Les gouvernements sont au cœur de cette équation. Pour que l’ensemble de la société passe au net zéro, nous avons besoin que les gouvernements permettent et soutiennent le développement de nouvelles solutions de décarbonation.
L’UE a mis en place des objectifs et des mandats ambitieux, dont nous nous félicitons. Celles-ci clarifient la direction des déplacements dans l’UE et soutiennent les investissements. Nous aimerions que la clarté s’étende au-delà de 2030 pour assurer la certitude des investissements tout au long des années 2030.
Cependant, les objectifs et les mandats ne suffisent pas à eux seuls à inciter les investissements.
Nous avons également besoin de plus de clarté et de flexibilité sur les matières premières qui peuvent être utilisées, le tout dans le cadre de directives de durabilité solides. Diverses options de matières premières durables ainsi qu’un soutien politique spécifique pour l’alimentation en combustibles liquides et les combustibles carbonés recyclés permettraient de fixer des objectifs à long terme, d’assurer la certitude des investissements pour les carburants synthétiques et de développer des chaînes d’approvisionnement solides en matières premières.
Les investissements dans les nouvelles technologies, telles que la technologie IH2 de Shell, Power to Liquids et Waste to Jet, pour n’en citer que quelques-unes, nécessitent également d’importants investissements en capital, car les premiers projets, en particulier, comporteront un risque technologique.
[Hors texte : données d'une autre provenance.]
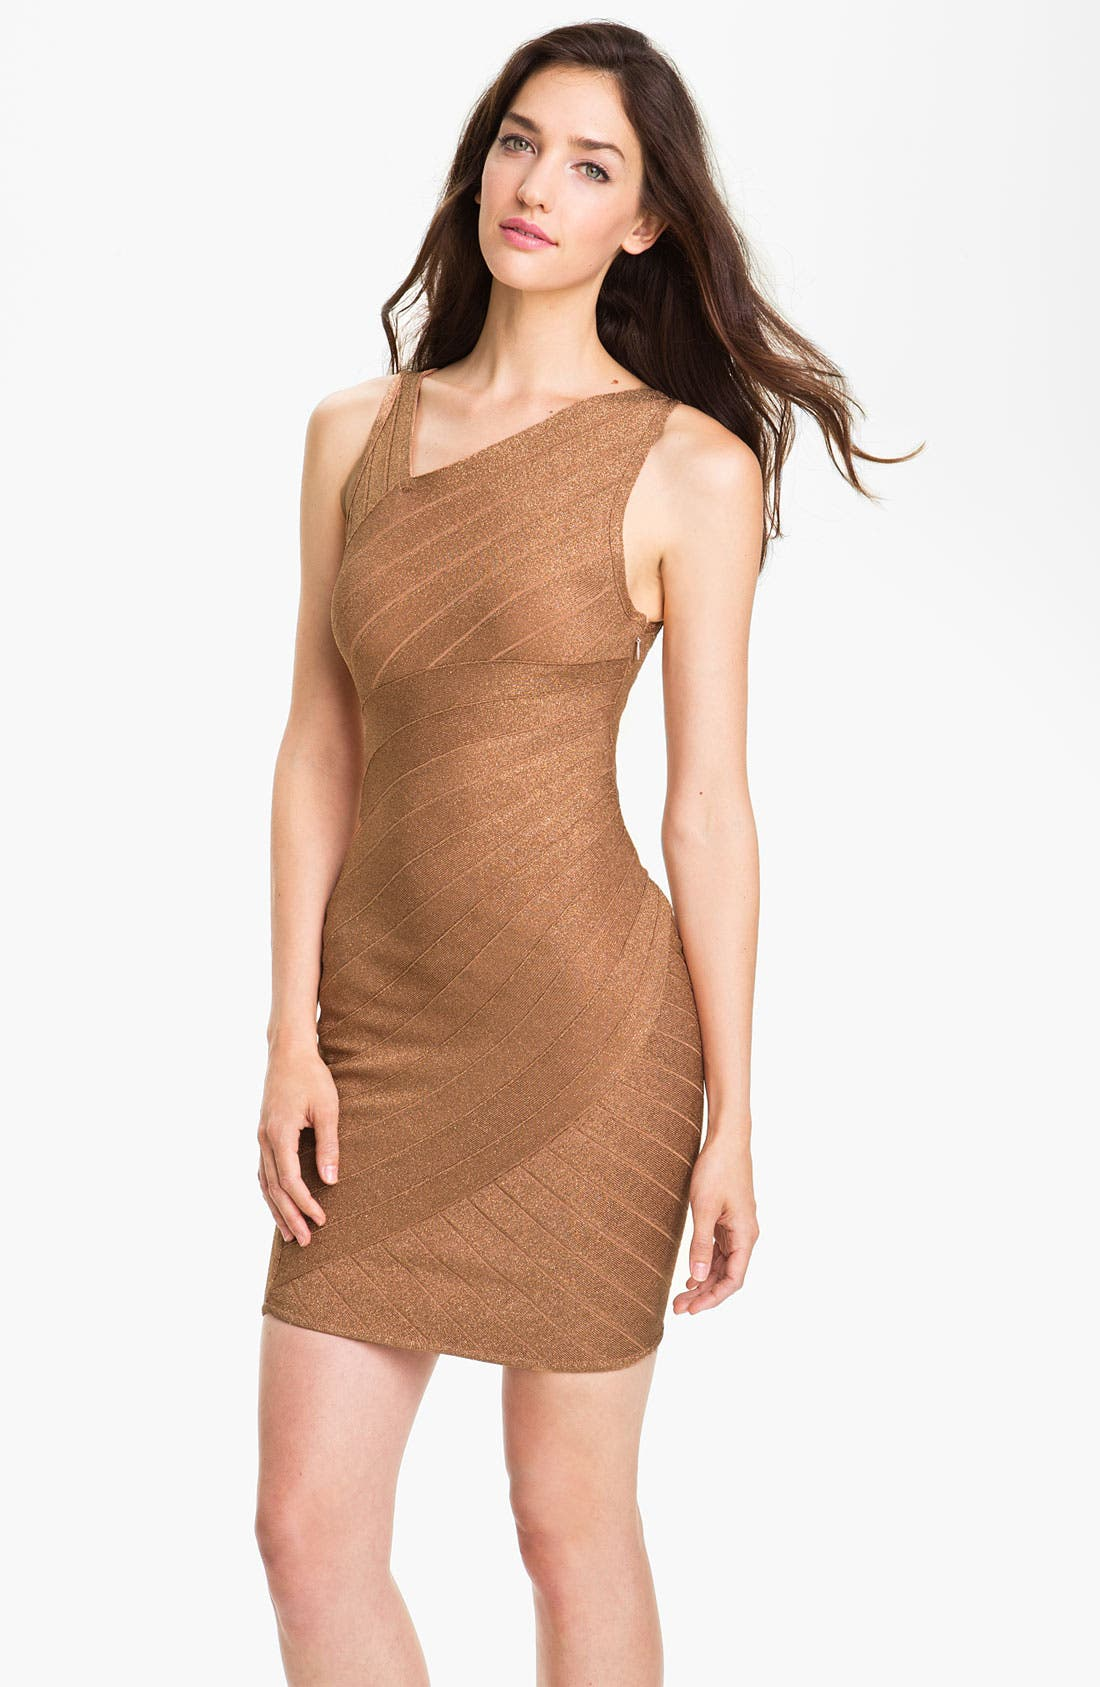 Alternate Image 1 Selected - JS Collections Asymmetrical Metallic Bandage Dress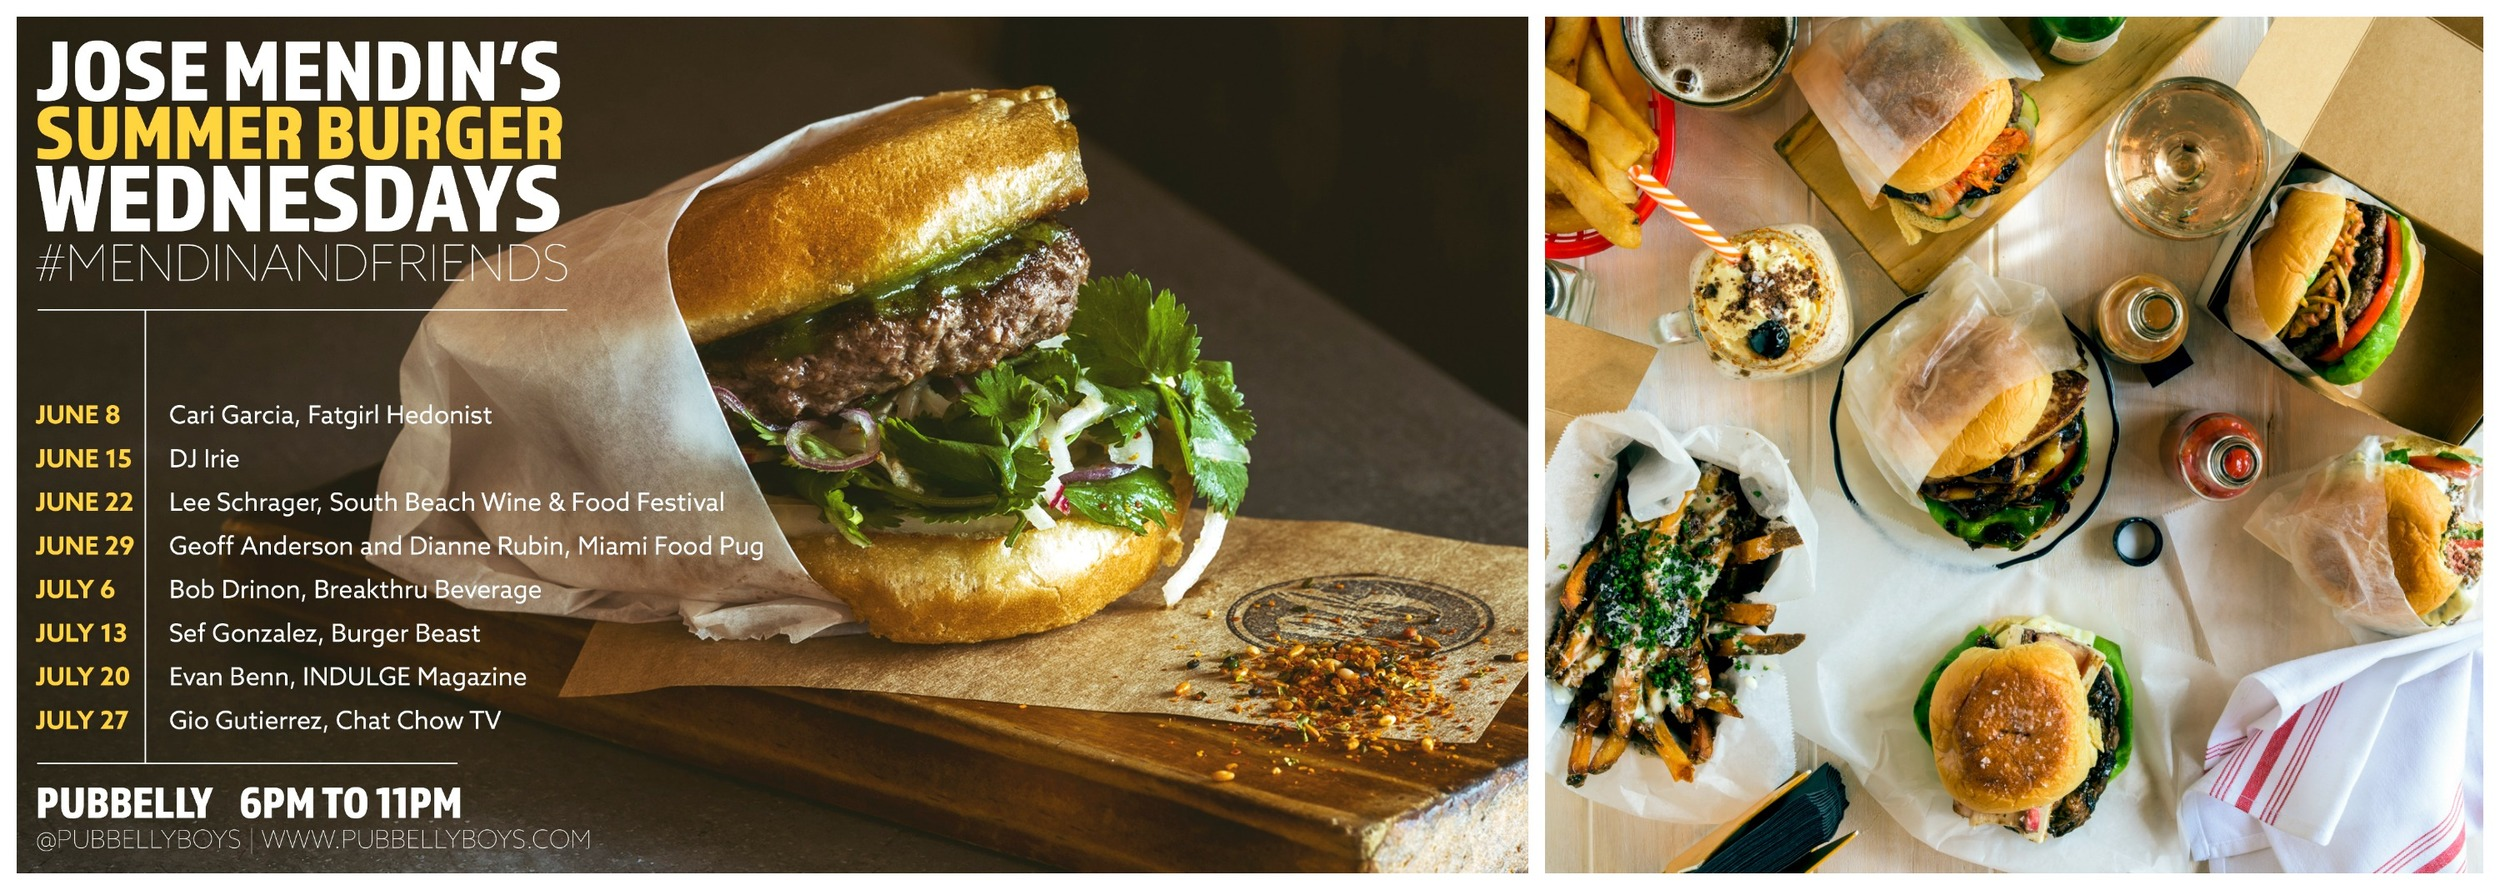 Pubbelly Burger Wednesdays Miami Beach

Le soutien des gouvernements à l’avancement de ces technologies peut jouer un rôle important dans les entreprises qui investissent dans celles-ci.
Merci pour votre temps, Sinead, et pour votre compréhension de ce que signifient les biocarburants pour Shell. Qu’est-ce qui vous motive dans ce rôle et quel est votre espoir pour l’avenir ?

Je crois que nous devrions toujours commencer par le « pourquoi », pourquoi vous (en tant que professionnel et personne) faites ce que vous faites et pourquoi c’est important. Une fois que cela est clair, cela définit le cadre de tout ce que vous faites. J’ai choisi de faire ce que je fais parce que je crois que ce que je fais chez Shell peut faire une réelle différence dans la lutte contre le changement climatique et c’est très important pour moi. Je sais aussi que je suis entouré de personnes réfléchies, chez Shell et chez nos partenaires, avec des valeurs fortes et de grands comportements qui ont ce même sens de croyance et de but.
Les biocarburants durables, les biocarburants avancés et les carburants synthétiques ont un rôle important à jouer pour aider la société à atteindre le zéro net. Je suis ravi de jouer mon rôle là-dedans.